After taking a World Orphans trip to Kenya, WO supporter Abby said she was struck by "the harsh reality" of poverty and abandonment. On her blog, she wrote:

"Boys will be boys. Amidst the garbage heap surrounding & engulfing this slum, these four boys are being boys.

They are little hams posing for the camera as a mzungu snaps their picture.

But the harsh reality is that these boys are not in school. It was a regular school day, but yet as we walked through the slums it was common to see school age children running around.

The harsh reality is seeing toddlers dig through these trash heaps. The harsh reality is that cattle also dig and eat from the garage and later are killed for dinner.

The harsh reality is behind the patched together metal walls people brew homemade liquors thinking that is how God is providing income (It isn't, trust me). The harsh reality is parents (both moms and dads) are abandoning their children.

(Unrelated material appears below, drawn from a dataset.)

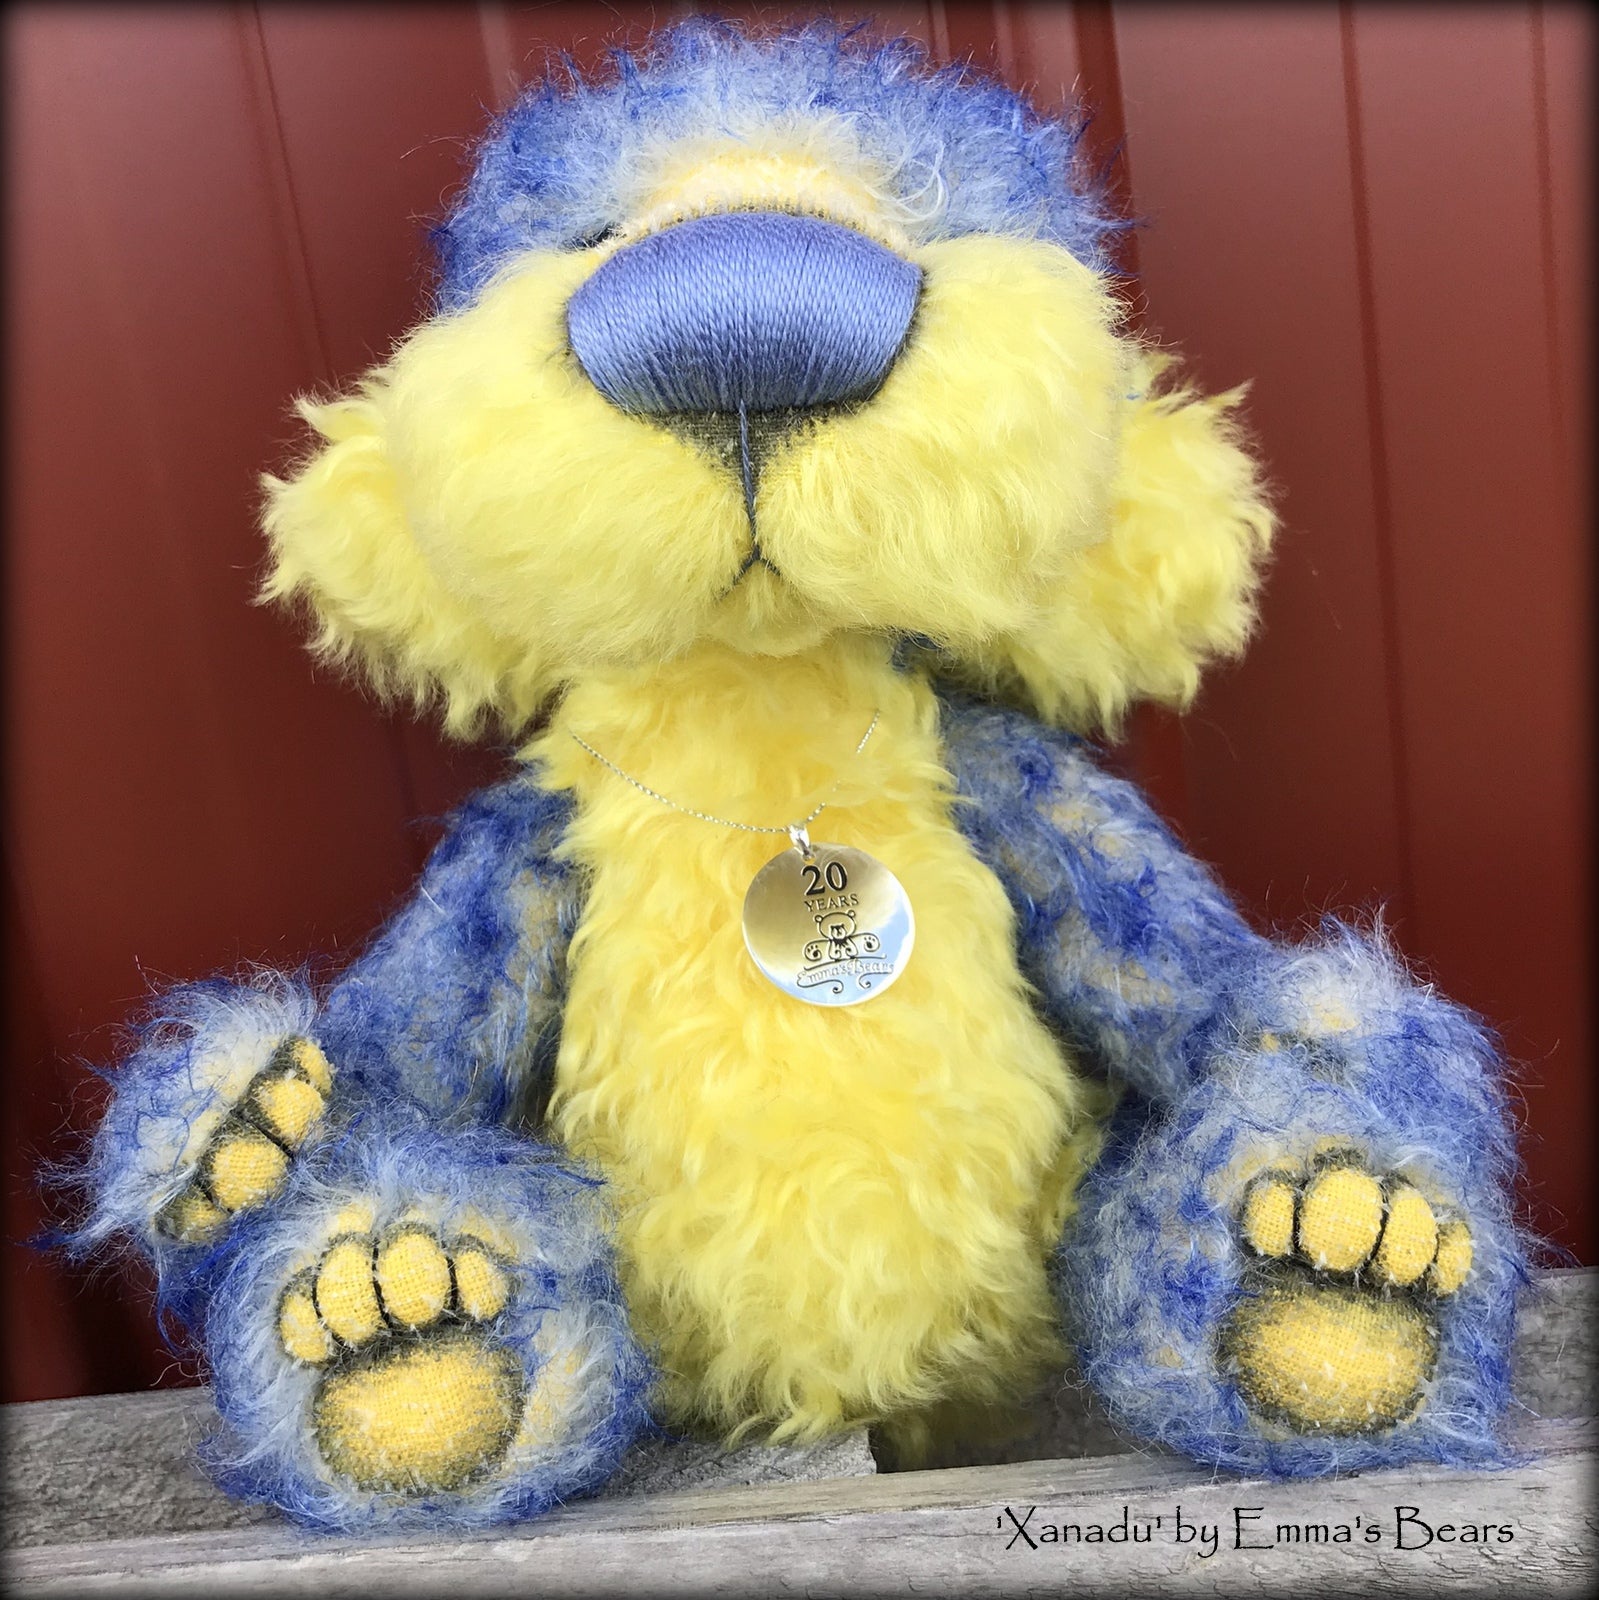 Xanadu - 20 Years of Emma's Bears Commemorative Teddy - OOAK in a series

As a result of that abandonment, children are vulnerable. Girls as young as 11 find themselves taken advantage of and often become pregnant or a slave to prostitution."

But in the midst of the devastation, Abby saw hope in a World Orphans home.

Abby wrote:

"The truth is we can make a difference. Western churches can make a difference. How? By partnering (or having a relationship with) an indigenous church across the globe.

Indigenous churches around the world are caring for orphans in slum & impoverished communities, often with little to no resources.

They are providing home based care to keep kids united with families, providing small family like homes for the most vulnerable children, providing feeding programs, providing care, support, and micro finance loans to widows and families whom are HIV+.

How it works is pretty simple. The organization, World Orphans, facilitates relationships between Western churches and indigenous churches.

Western churches provide financial support for orphan homes or home based care (via World Orphans) with the goal to become self-sustaining, thus eliminating an atmosphere of dependence on the Western Church. The Western Church also visits the church partner, serving alongside them in ministry. Both are mutually edified.

From my own personal experience I can say that I came away from these trips encouraged to be more involved in my own community (future blog post answering the question "Well what about the poor here in the US?). I learned so much about sacrificial living from the people that I served with in Kenya.

There is hope. We can't do everything, but we can do something. Multiply people & churches doing *something* breaks the orphan cycle, the number of orphans decrease, communities, churches, and lives are changed. And you just might find yourself changed in the process.

You have one life. Do something."

Though this WO home in Kenya is fully funded, there are a number of children's homes around the world that still need financial support.